Sophie slowly released a breath. “There was always the chance you would decide you loved me. I tried my best to please you last night, I cooked food you liked, I played Sophie the virgin whore, all to make you love me. Do you?” She stood there waiting.
Now would probably be the time to declare his undying love.
Then he watched as Sophie reached behind her and started to unbutton her gown. “Make love to me, one last time,” she said, and let the gown slide down her arms and drop to the floor.
Then she looked at him, her lips slightly parted. “I know you like the chaste Miss Westmore when we are with your family, but you like it when I’m Sophie too.” She was appealing, lovely, wearing just the corset, all pink ribbons and white lace, and fine white stockings. She must have been shopping on her own in the last few months, he couldn’t see Eliza helping her purchase that outfit.
She wanted to make love, he wanted to make love to her. He went to her and picked her up.
Her arms slid around his neck as he carried her to the bed. One last time. He managed to p
ull the covers back clumsily with one hand, and then dropped her on the bed. She curled up on her side and rested her head on her hand. The way she moved was most sensual thing he could ever remember seeing.
He shed his jacket.
“I could help you,” she said as he removed his cravat, then loosened his shirt from the waistband of his trousers. Her hair cascaded over her shoulders and her breasts when she lay like that. Like the darkest veil. He fumbled with the top button.

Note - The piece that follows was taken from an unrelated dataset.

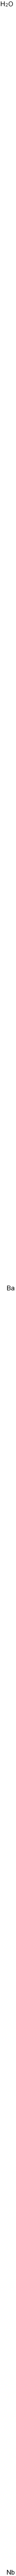 ニオブ酸バリウム
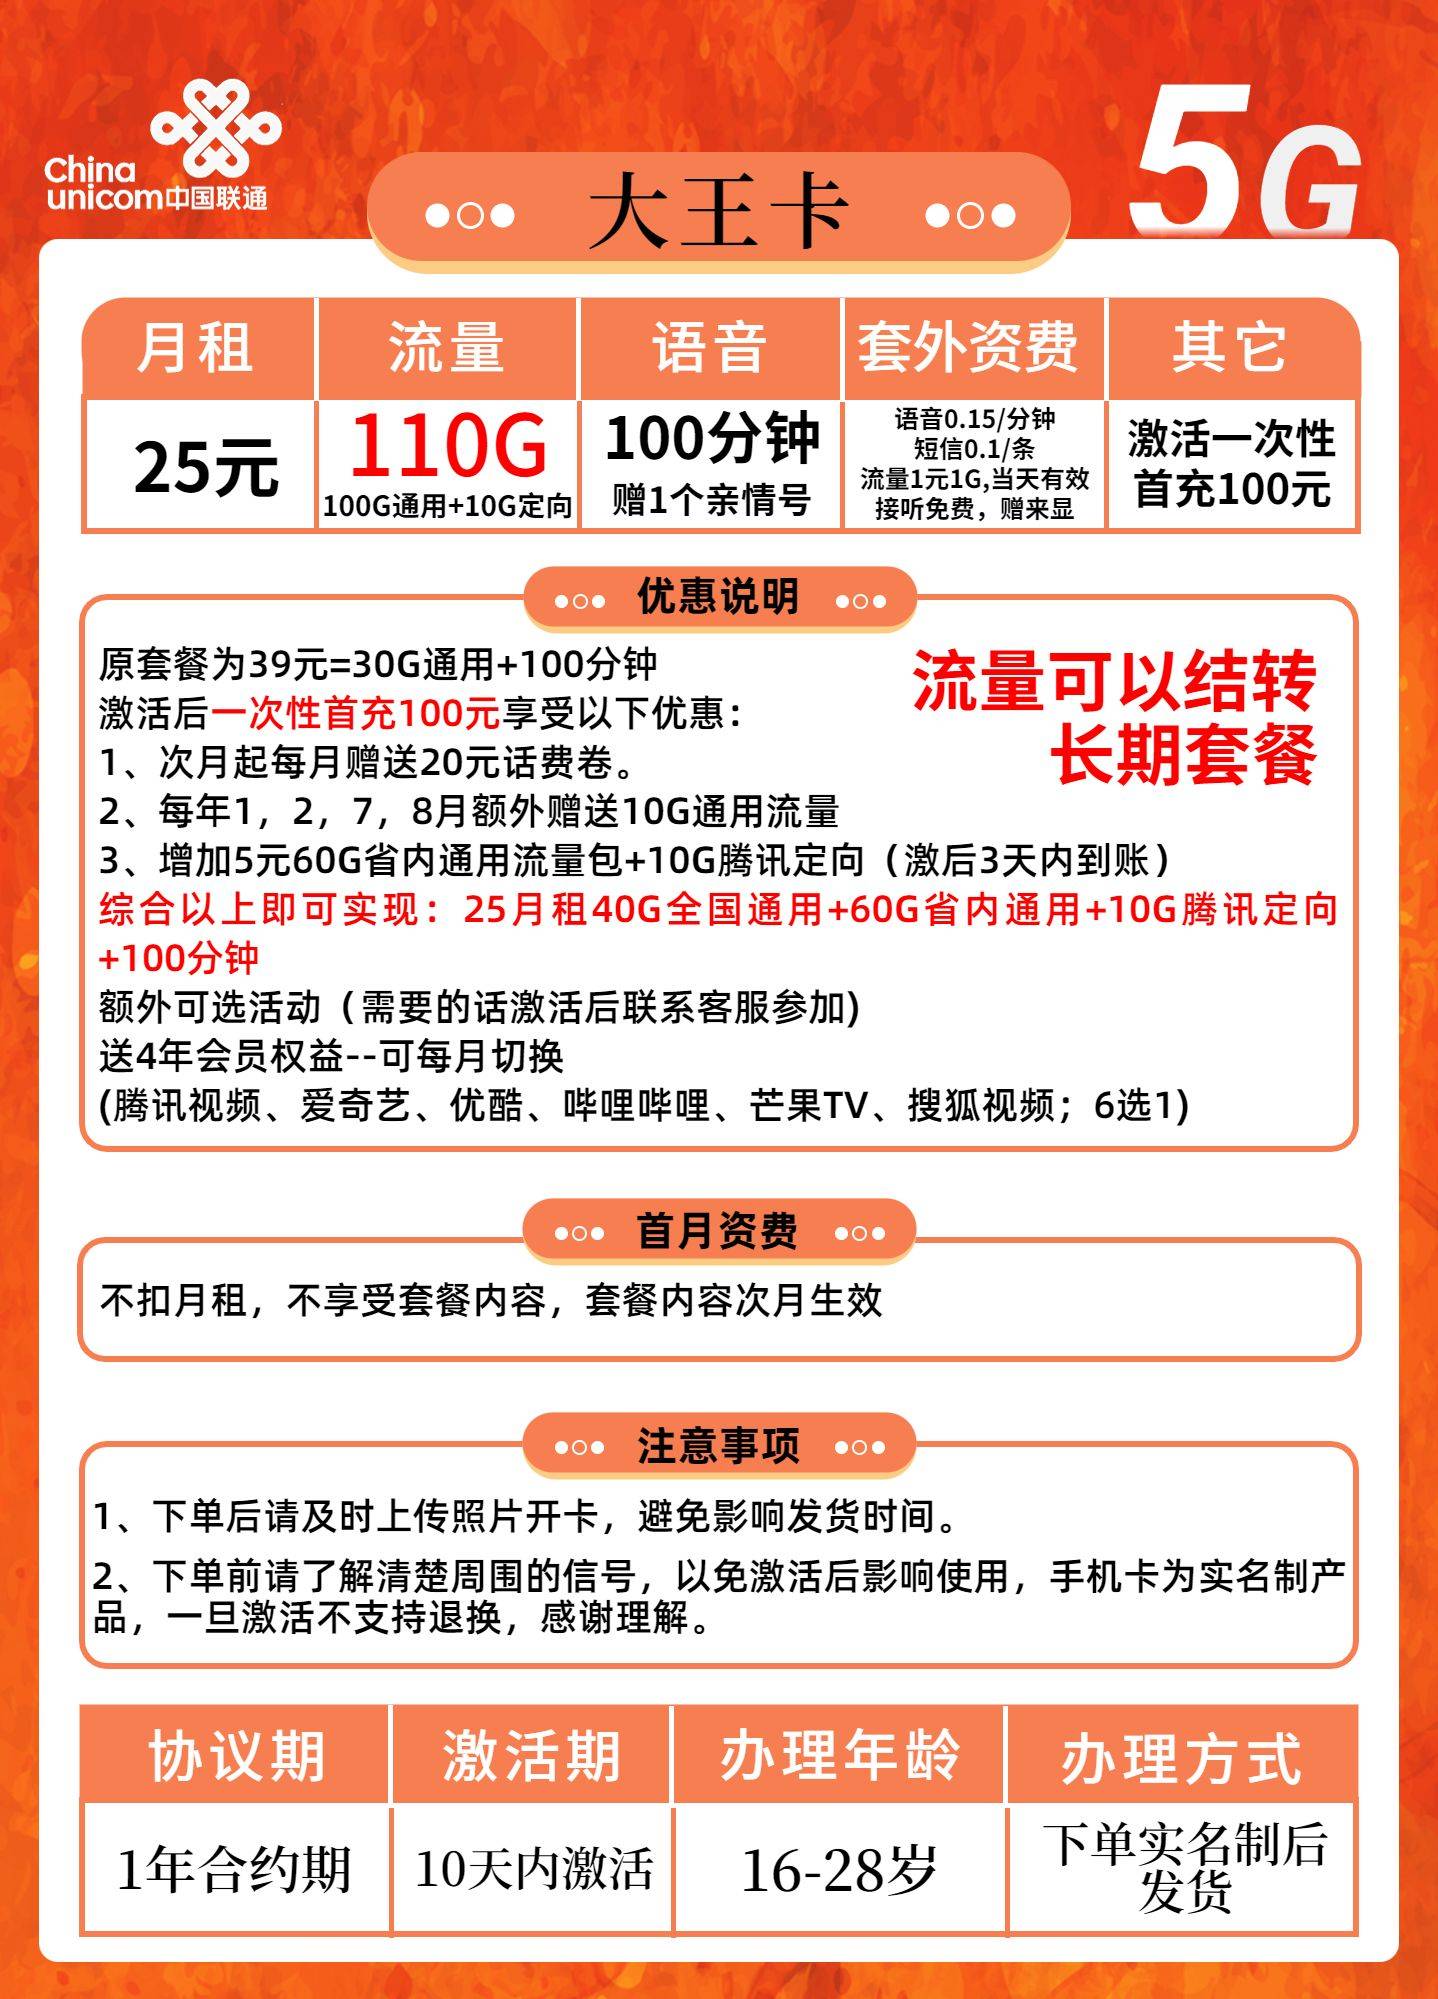 安徽省内联通大王卡25元包110G通用+10G定向+100分钟+1个亲情号+视频会员

“I can manage.” Found he had to lift his chin higher. He got the bloody thing undone, and then the rest of the buttons followed.
Above the lace of the corset, her breasts were so white, with the finest blue veins leading to the nipples peeping just above the lace, nipples the same red as her lips.

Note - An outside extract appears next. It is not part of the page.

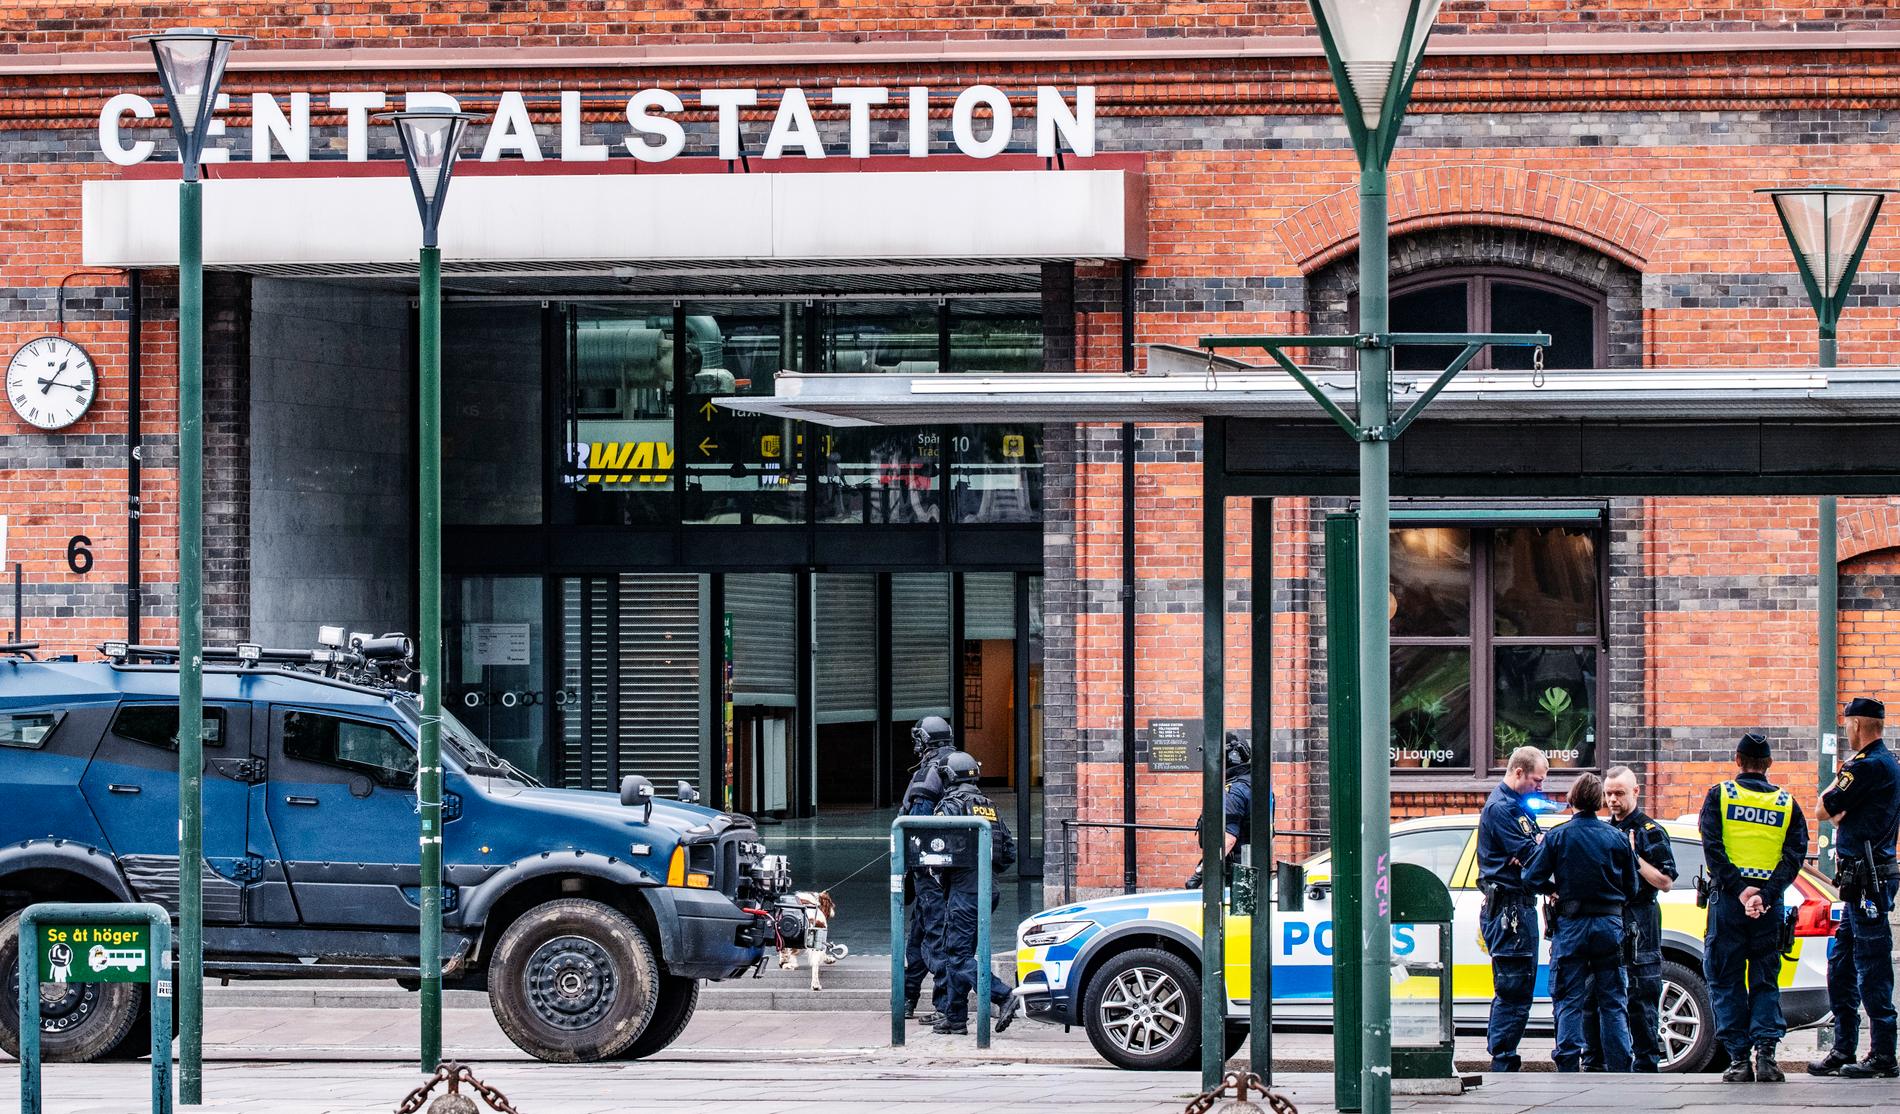 En man har blivit skjuten av polis på Malmö centralstation efter att ha uppträtt hotfullt och sagt att han hade vapen och sprängmedel i sina väskor. Bombtekniker kallades till platsen och sköt sönder väskorna.

He ripped the shirt off, and his wrists got caught in the cuffs. Bloody cuff links. Her lips a little parted as she waited for him to undress. Then Sophie turned onto her back and stretched like a cat. She arched her back and ran her fingers the length of her body. She was more erotic than sensual now.
He gave up on getting undressed, toed off his shoes and climbed onto the bed and over her, nudged her legs apart with his knees so he was kneeling between them.
“Show me,” he said.
He watched her slowly move her fingers between her legs, touched the moist flesh there, then sat up a little so she could touch his lips with those fingers.
He could taste her, the familiar musky taste of her. God, he’d missed this while she was at Eliza’s.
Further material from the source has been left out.